Batch Comparison
compare_batches can be used to determine: did code or parameter changes make
trajectory sims better, worse, or different?
Use two existing batches — A (baseline, “before”) and B (experiment, “after”) — to produce an HTML report with per-launch metric deltas, aggregates by forecast type and campaign, win/loss counts, and overview bar + scatter plots for every metric. This builds on Batch Evaluation: which runs a batch on the current codebase.
Note
The comparison is pairwise — exactly A vs B, not N-way. The sign convention is Δ = B − A, and every metric is a magnitude of error, so negative Δ means improvement (and is colored green).
Running a comparison
PYTHONPATH=src python -m evaluation.compare_batches <batch_A> <batch_B>
Both arguments accept either a full batch_id or just the short git hash:
# full batch IDs
python -m evaluation.compare_batches \
2026-05-21T1510_96bcc3f \
2026-05-21T1526_96bcc3f
# short hashes (ambiguous hashes will error out)
python -m evaluation.compare_batches 96bcc3f 4afc699
Self-comparison (compare_batches X X) is allowed and useful as a
sanity check — every delta should be zero.
Comparison output folder
Each comparison writes a self-contained folder next to batches/:
evaluation/comparisons/
└── 2026-05-21T2004_96bcc3f_vs_96bcc3f/
├── compare.html ← the report
├── plot_landing_distance_km_GFS_bar.png ← per-launch Δ bar chart
├── plot_landing_distance_km_GFS_scatter.png ← A-vs-B scatter
├── plot_landing_distance_km_ERA5_bar.png
├── plot_landing_distance_km_ERA5_scatter.png
├── plot_landing_time_diff_min_GFS_bar.png
├── ... ← ~40 plots total
Two PNGs per metric per forecast type. The HTML embeds the plots by relative path so the folder is portable.
HTML report
The example below is the per-launch detail table from the linear_neighbors → linear_full
comparison, filtered to the Sandia launches. Each metric occupies three sub-cells
(A | B | Δ), and Δ cells are colored only when the change clears both the
absolute and percent thresholds — green for improvement, red for regression,
gray for “within noise”. Metrics that don’t depend on wind interpolation
(time-to-float, temp MAE, ascent rate, etc.) stay at “+0.0 (+0.0%)” across the
board, which is itself a useful sanity check.
The report opens with a summary block — 5–7 lines covering the headline metrics (landing distance, landing time error, float altitude error) to see whether the change helped or hurt.
Below the summary:
ASYMMETRIES section — launches present in only one batch, or that failed in one but succeeded in the other. These are listed separately so they cannot quietly skew aggregate metrics.
Overall summary — mean(A) | mean(B) | Δ | Δ% per metric across the intersection of both batches, plus a win/loss count line per metric (e.g. “28 improved / 5 unchanged / 13 worse”).
Per-forecast aggregates — same layout broken out by GFS and ERA5.
Per-campaign aggregates — one block per campaign that appears in both batches.
Per-launch detail table — three sub-cells per metric (
A | B | Δ), colored by improvement direction.Reforecast diagnostics (GFS only) — a separate section for the
reforecast_landing_dist_mmetric, which isolates wind-forecast error from altitude-model error.
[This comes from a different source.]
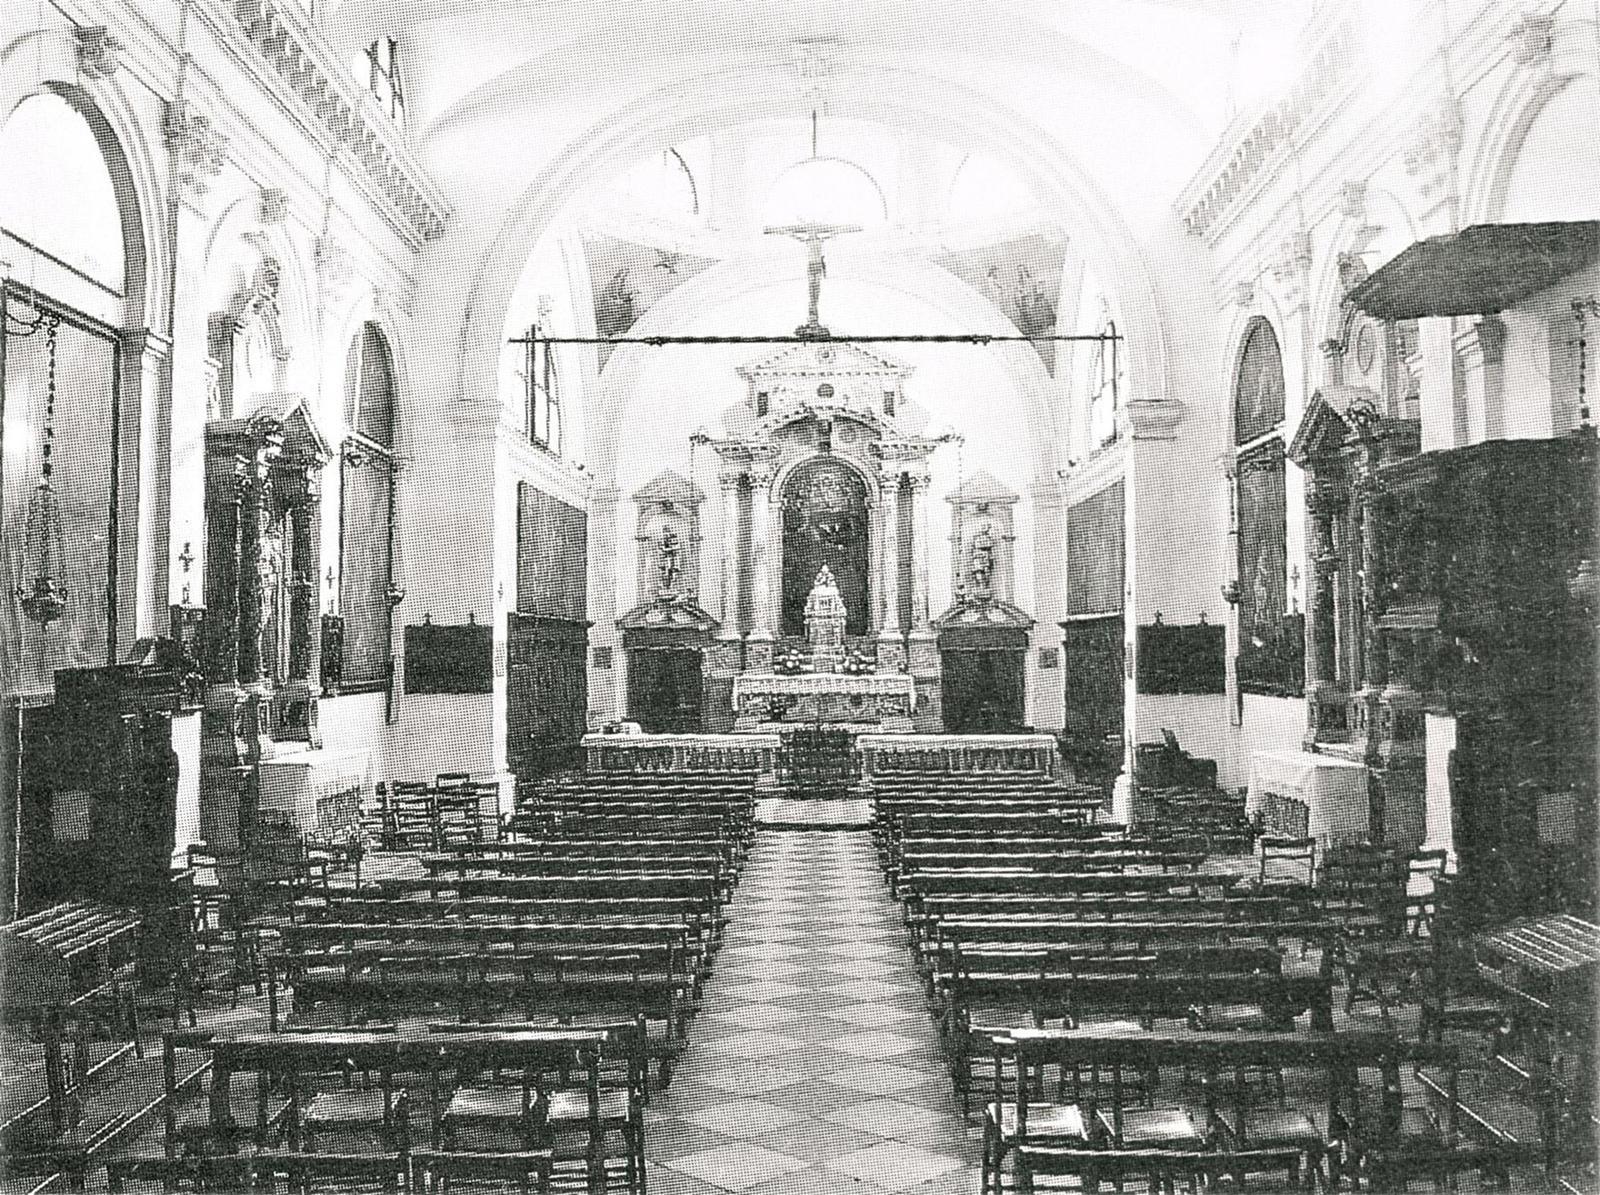 Vecchia chiesa parrocchiale di Battaglia Terme, interno.

A cell is only colored if both |Δ| > metric_abs_floor and
|Δ%| > 5%. Cells below either threshold stay gray — this avoids
calling tiny noise an “improvement”. Per-metric absolute floors are
defined as constants at the top of evaluation/compare_batches.py.
Overview plots
For each of the comparison’s metrics, two plots are generated per forecast type:
a per-launch bar chart of signed Δ (B − A), sorted by Δ, and
an A-vs-B scatter with a y=x reference line.
Both use the same green / gray / red color convention as the HTML cells. The bar-chart Y-axis is shared between the GFS and ERA5 versions of the same metric, so you can flip between them and directly compare scale.
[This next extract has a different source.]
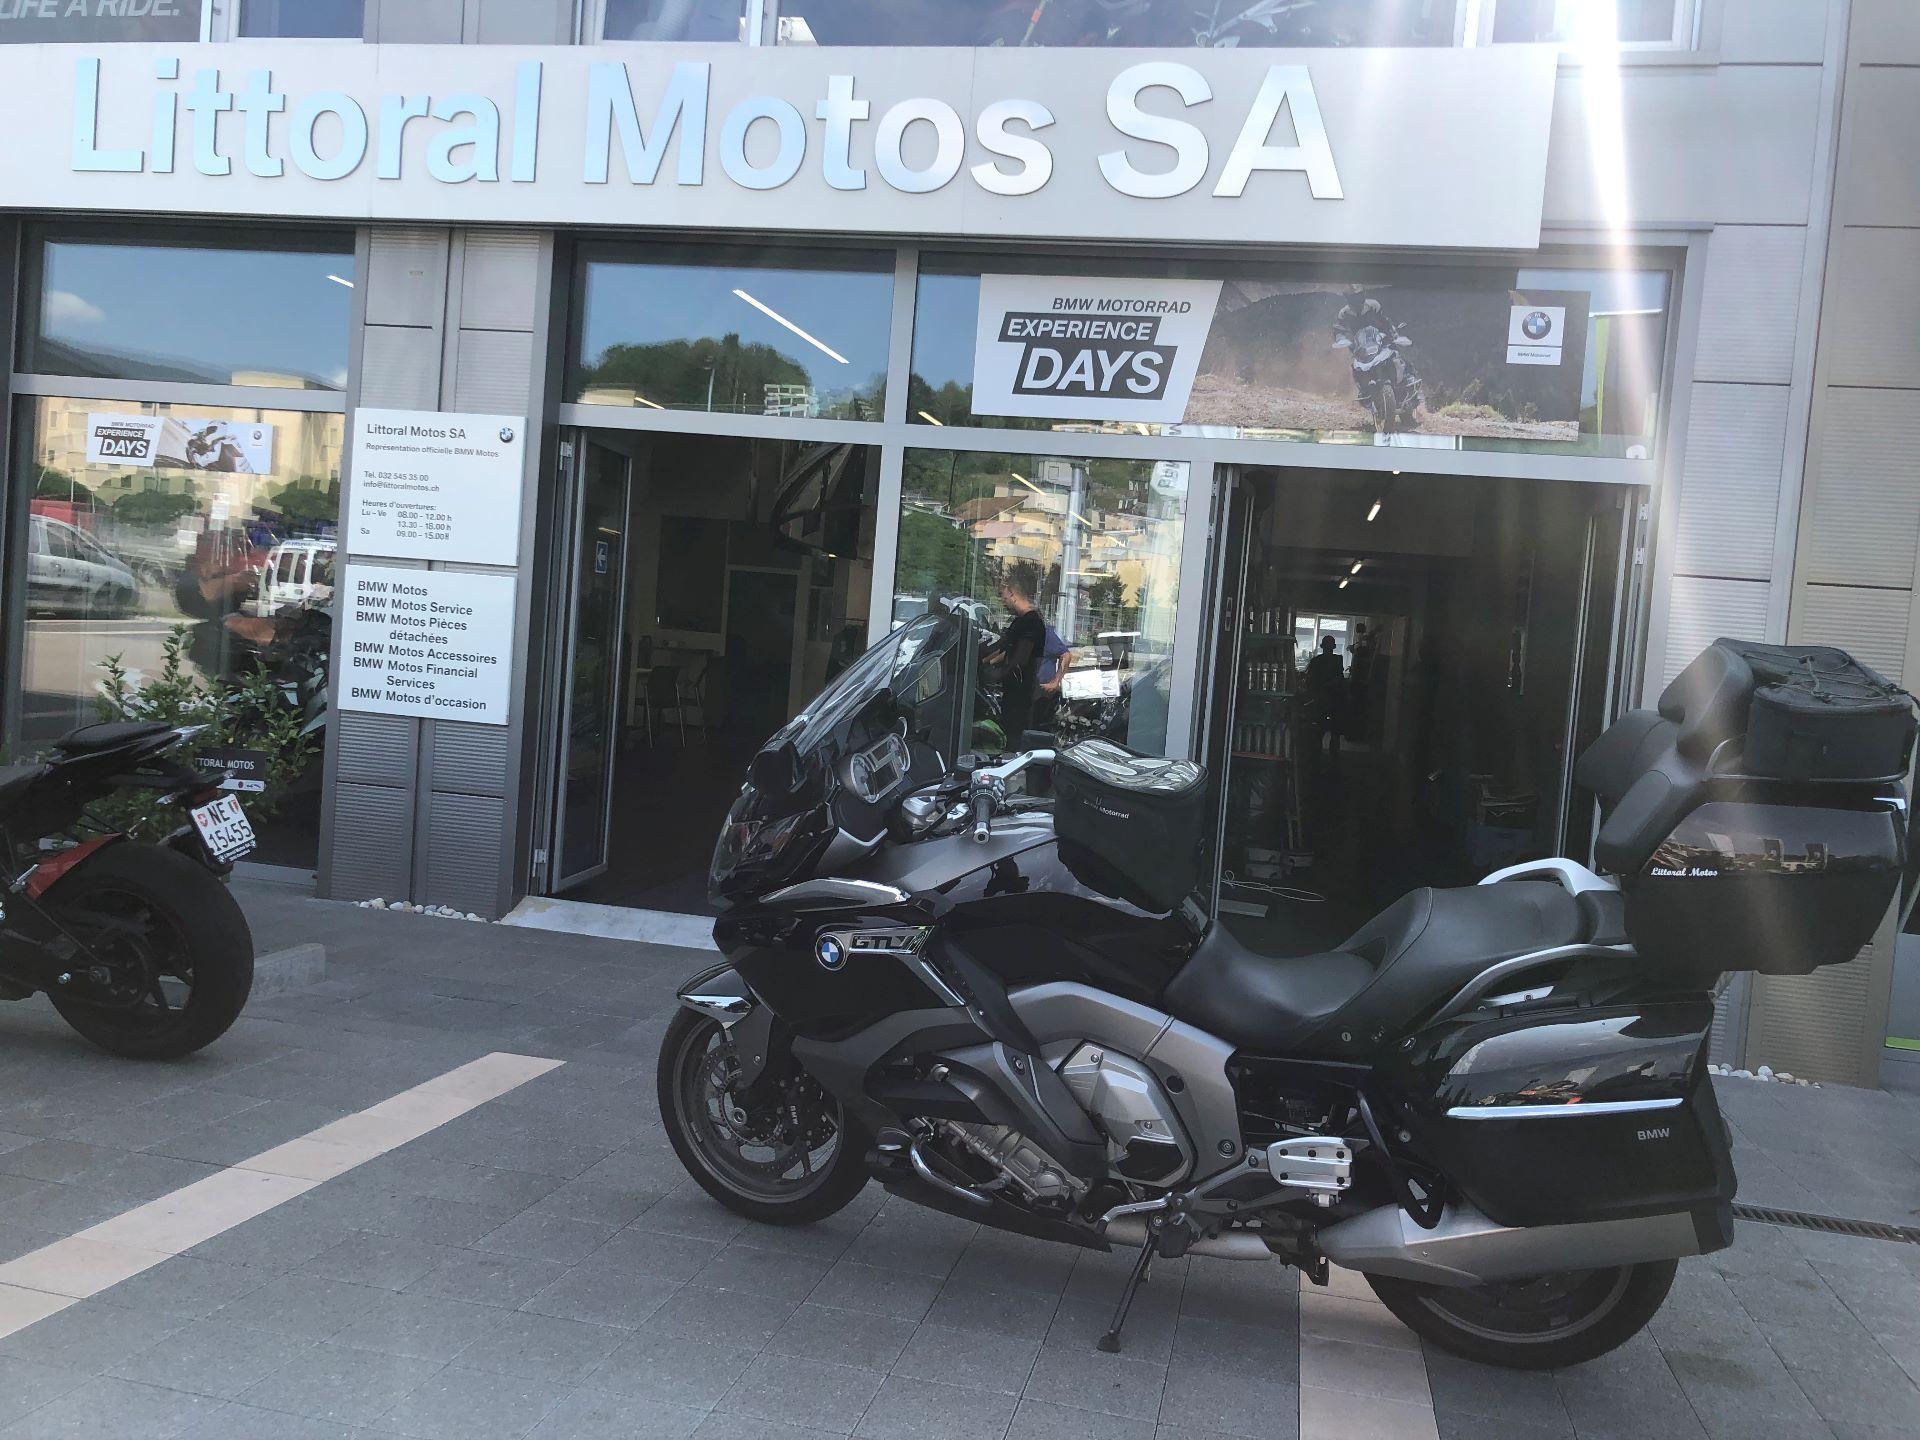 Motorrad Occasion kaufen BMW K 1600 GTL ABS Littoral Motos

The example below is from the 46-launch comparison of the historical
linear_neighbors wind-interpolation method (A) against the new
linear_full method (B) introduced in v1.4. See
Wind Interpolation Methods for what those methods are.
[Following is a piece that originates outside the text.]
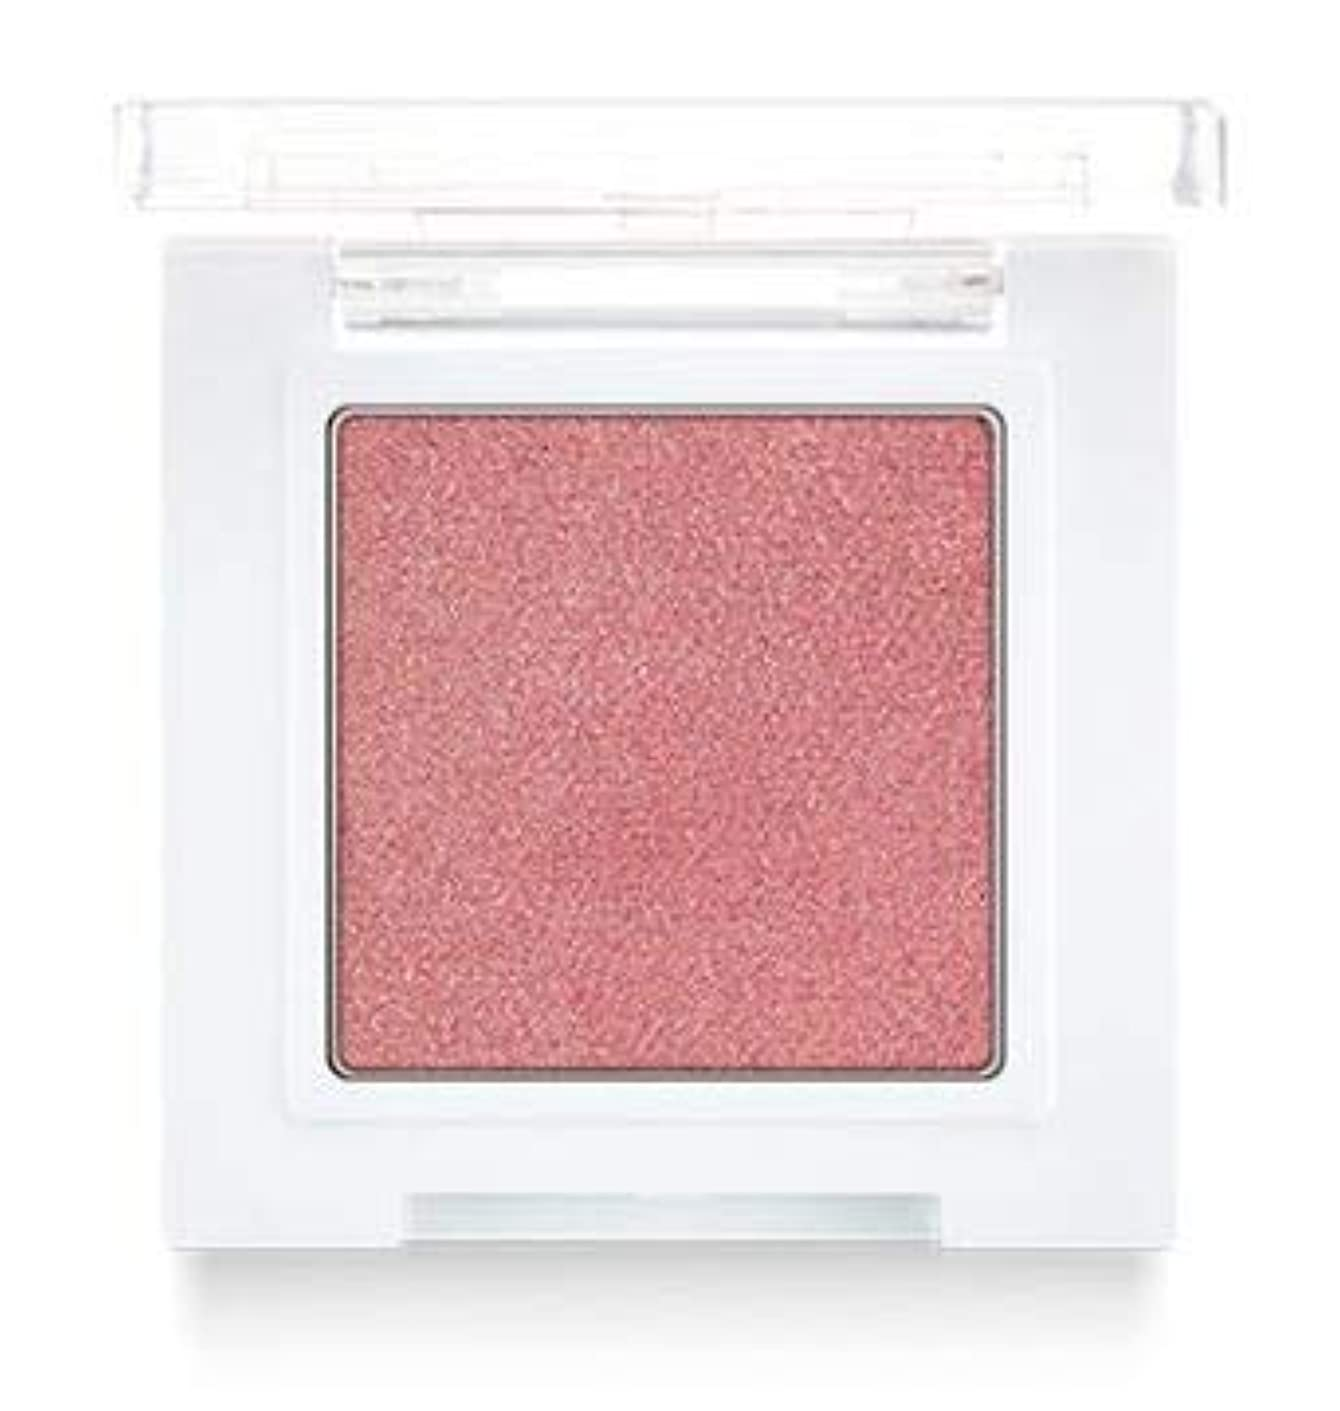 詳細に遅れ蓋[BANILA CO] Eyecrush Shimmer Shadow 2.2g #SPK03 Marshmallow Pink / [バニラコ] アイクラッシュシマーシャドウ 2.2g #SPK03 マシュメロピンク [並行輸入品]

Per-launch Δ bar chart — landing distance, ERA5:
A-vs-B scatter — same metric, same forecast:
Asymmetries
A launch may be missing from one side for several reasons:
It was added (or removed) from
launches.jsonbetween the two batch runs.One run failed for that launch (network error, missing forecast file, evaluator exception) while the other succeeded.
The launch has both GFS and ERA5 in one batch but only one of them in the other.
These cases are split out into a top-level ASYMMETRIES block and excluded from the intersection-based aggregates, so the headline “mean Δ” numbers stay apples-to-apples. The asymmetry block lists the affected launches with the reason for each.
Schema drift — a metric column that exists in one batch but not the other — is silently dropped from the comparison with a warning banner at the top of the HTML.